李青蘿素手纖纖,握著一柄寒光四射的長劍,劍身映出她清冷絕美的面容,卻也映出幾分決絕。
她此刻卻銳利如鷹隼,緊緊鎖定著對面的洪七公。
嘴角勾起一抹似笑非笑的弧度,帶著幾分戲謔,幾分傲然:“老叫花子,你我二人,輕功較量過了,掌法也比拼過了,你那‘降龍十八掌’雖然剛猛,終究是慢了一籌。”
“如今讓你見識一下,我手中的劍法!”
話音未落,李青蘿手腕輕抖,那柄長劍彷彿活了過來,發出一聲清越的龍吟。
她身形未動,僅憑腕力疾揮,一道凝練如匹練的璀璨劍光,竟似自九天虛空之中驟然劈落!
這一劍,快得不可思議,帶著凌厲的破空之聲,直接跨越了兩人之間數十步的距離,劍勢如虹,寒氣森森,直逼洪七公的脖頸大動脈!
洪七公本就因先前的連番惡鬥而氣息略顯浮粗,他深知自己內力與身法皆稍遜李青蘿半分。
此刻見她長劍出手,那劍光之迅疾,劍意之森寒,遠超他的預料。
只覺一股冰冷的死亡氣息瞬間籠罩全身,汗毛倒豎,臉色驟然大變,驚呼一聲:“好快的劍!”
生死關頭,洪七公畢生武學修為盡數迸發。
他來不及細想,丹田內力急轉,腰身猛地一擰,施展“泥鰍功”中最精妙的閃避法門,身形如一條滑不溜丟的泥鰍,硬生生向左側橫移半尺。
“嗤啦!”
劍光幾乎是貼著他的脖頸掠過,帶起的凌厲勁風颳得他皮膚生疼,甚至將他頷下那幾縷標誌性的花白鬍須都割斷了數根,飄落在地。
饒是如此兇險,洪七公仍未完全避開,左肩肩頭的衣袍已被劍鋒劃破一道長長的口子,一道血痕迅速浮現,滲出血珠。
“好險!”洪七公驚出一身冷汗,腳下施展逍遙遊身法,身形飄忽不定,在劍光的縫隙中艱難躲閃。
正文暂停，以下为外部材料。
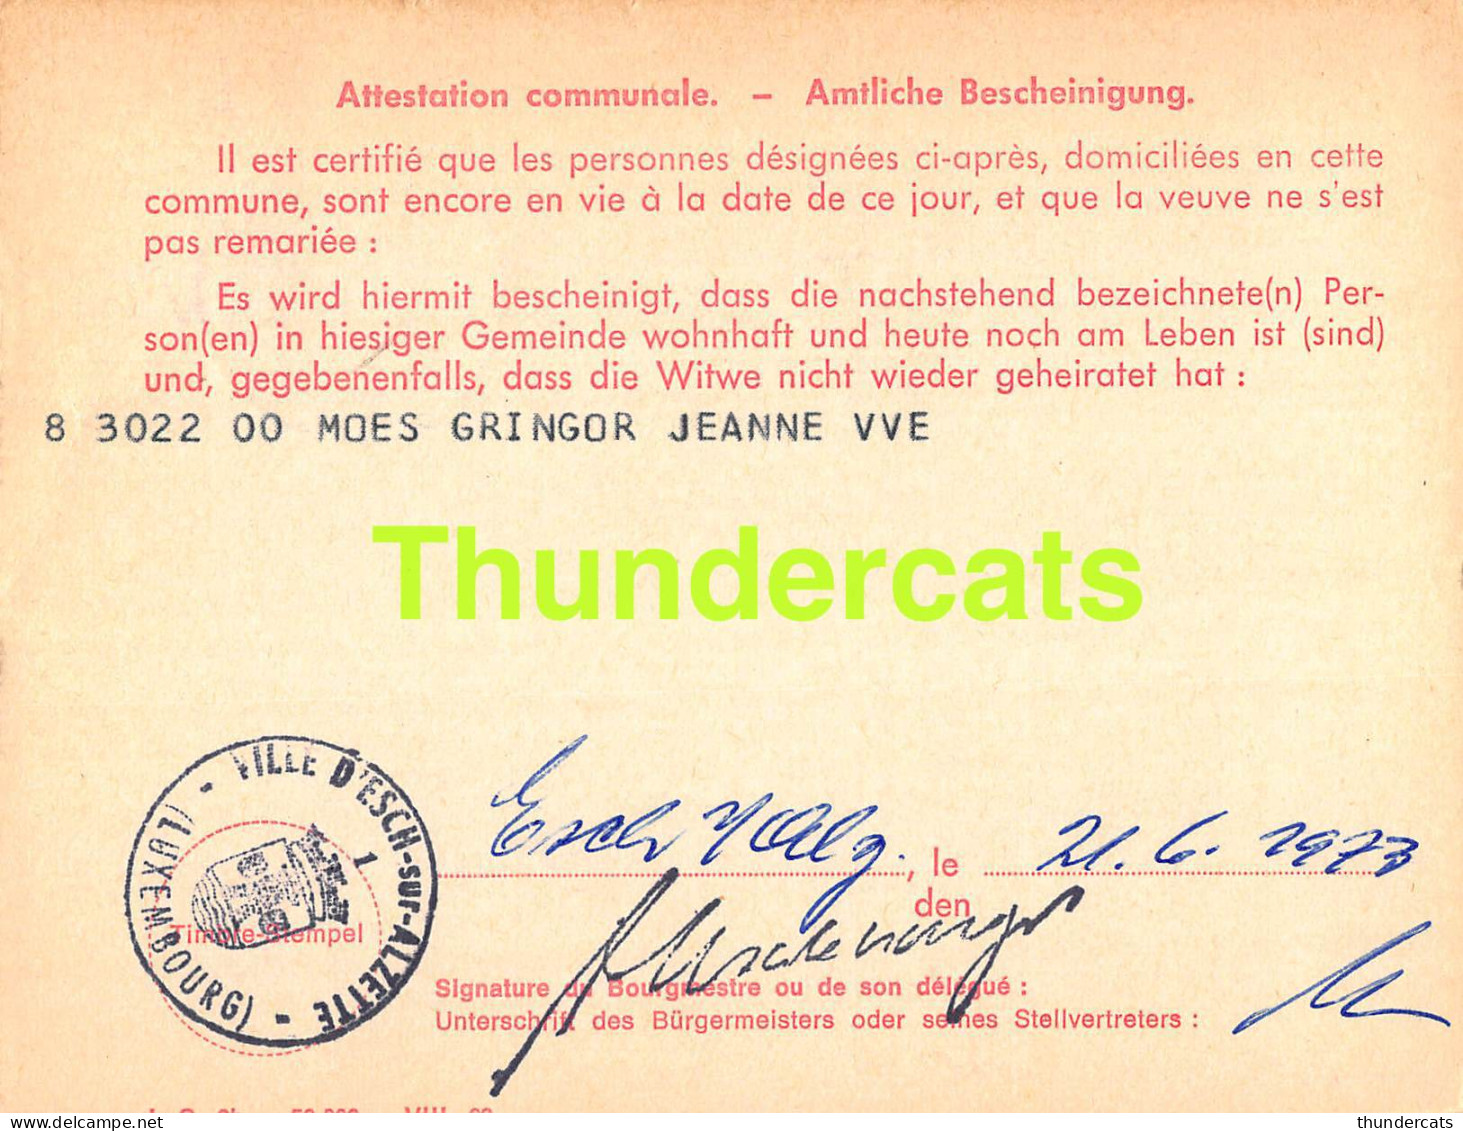 ASSURANCE VIEILLESSE INVALIDITE LUXEMBOURG 1973 MOES GRINGOR VILLE D'ESCH ALZETTE  - Briefe U. Dokumente

李青蘿一擊不中,眼神更冷,手中長劍揮灑自如,劍光越發密集。
時而如狂風驟雨,劍影重重,將洪七公周身所有退路盡數封死;
時而又如毒蛇出洞,一劍刺出,角度刁鑽毒辣,專尋他防禦的薄弱之處。
洪七公只覺得眼前盡是閃爍不定的森森寒光,那寒光如同臘月裡的冰凌,密集得幾乎讓人窒息。
耳邊,則是劍刃劃破空氣時發出的尖銳銳嘯,“咻咻咻”之聲不絕於耳,每一聲都像是催命的符咒,刺得他耳膜生疼。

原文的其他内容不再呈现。